We wanted to produce a Gabriela Mistral in SHO with RGB stars. We took about 22 hours of SHO, and 1 hour total of RGB.

We noticed that in the RGB image, when stretched enough for the stars to be brighter and fatter than the SHO stars, there was a lot of nebulosity, with Gabriela's face still very recognizable, but in the "wrong" colours for SHO.

If we stretched less, then when they were combined, there was still a conspicuous annular ring from the very highly stretched SHO stars. What to do?

I used multiple linear regression to statistically remove ("correct for") the emission nebulosity in the RGB image, given the SHO image.

If I used the whole image, it just didn't work.

But if I ignored the brightest purple nebulosity close around the bright star under Gabriela's chin (the one with the purple lightning bolts coming out of it), it worked beyond splendidly: 99.99% of the variance in the background of the RGB image was accounted for by SHO emission nebulosity.

If you scroll through the five attached images, you will see:

(a) The straight SHO image, with big purple stars
(b) The straight RGB image, with Gabriela's face clearly visible (big one here)
(c) RGB given SHO (shorthand: RGB|SHO): the RGB image "corrected for" the SHO image. (big one here). There should be less than 0.01% of the SHO emission nebulosity left in the image. Any nebulosity that is still there is not SHO, but something else. This is the important result.
(d) A starless, deconvolved, wavelet sharpened SHO image.
(e) Just for fun, the SHO image with the "corrected" RGB stars dropped in (result = brighter of RGB|SHO and starless SHO.
The final image is here.


So what is the remaining nebulosity in the RGB|SHO image? What is the nature of those purple "whiskers" or lightning bolts?
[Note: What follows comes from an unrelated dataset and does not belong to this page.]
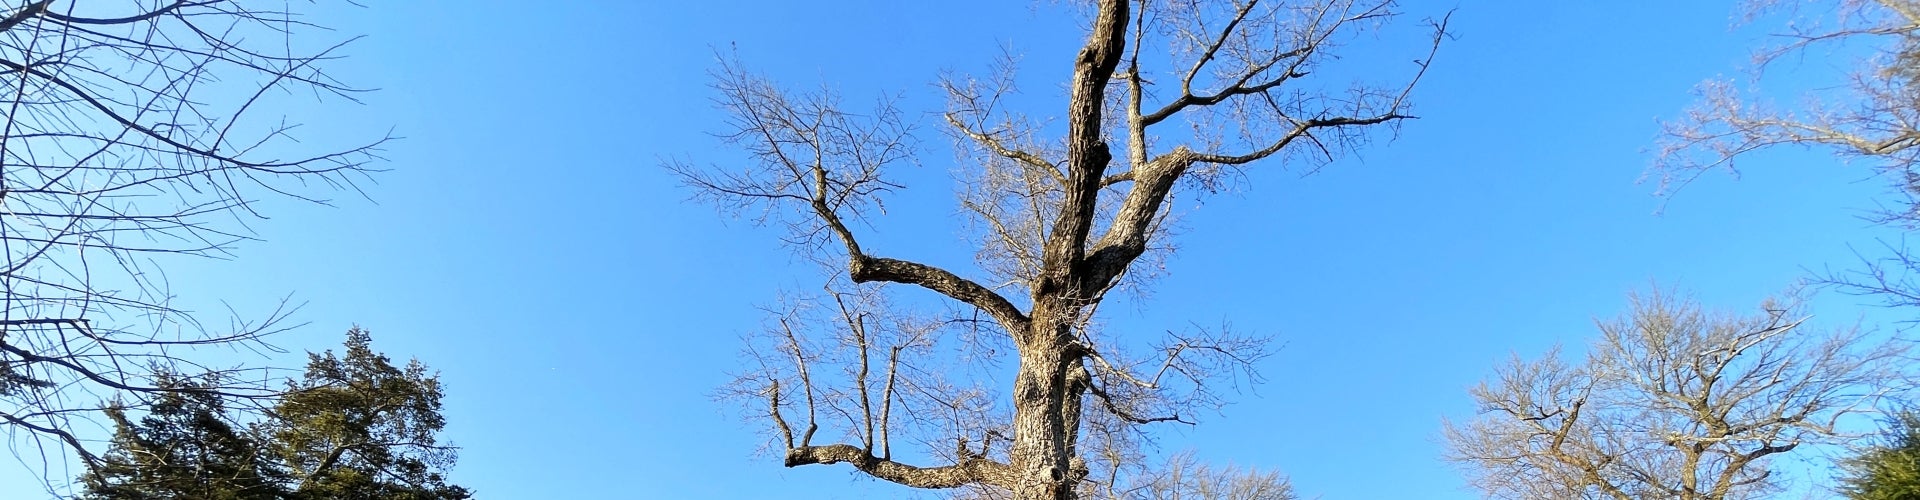 A tall tree with bare limbs sits on a grassy slope.

The most obvious answer is reflection nebulosity. Gas well behind the big bright star, with the ropy whiskers nothing to do with the star, but to do with shock fronts in the distant gas.

Another answer is that it is something exotic. One possibility is another emission line, for example N2. But one would expect N2 to be statistically highly correlated with one or more of SII, H-alpha, and OIII. There are other weird kinds of radiation, such as synchrotron radiation (the blue glow in the Crab nebula) due to accelerating charged particles in a magnetic field, but the blue glow in the crab nebula is uniform, not ropy.

Conclusion: the bright excess nebulosity close to the bright star under the chin, after exclusion of SII, H-alpha, and OIII, would most prosaically be reflection nebulosity from gas and dust well behind the star. It could just possibly be something more exotic. A spectrometer could distinguish between continuum light (such as reflected starlight) and exotic narrowband emission.

Best,
Mike
Attached Thumbnails
Click for full-size image (1 Gabriela Mistral NB.jpg)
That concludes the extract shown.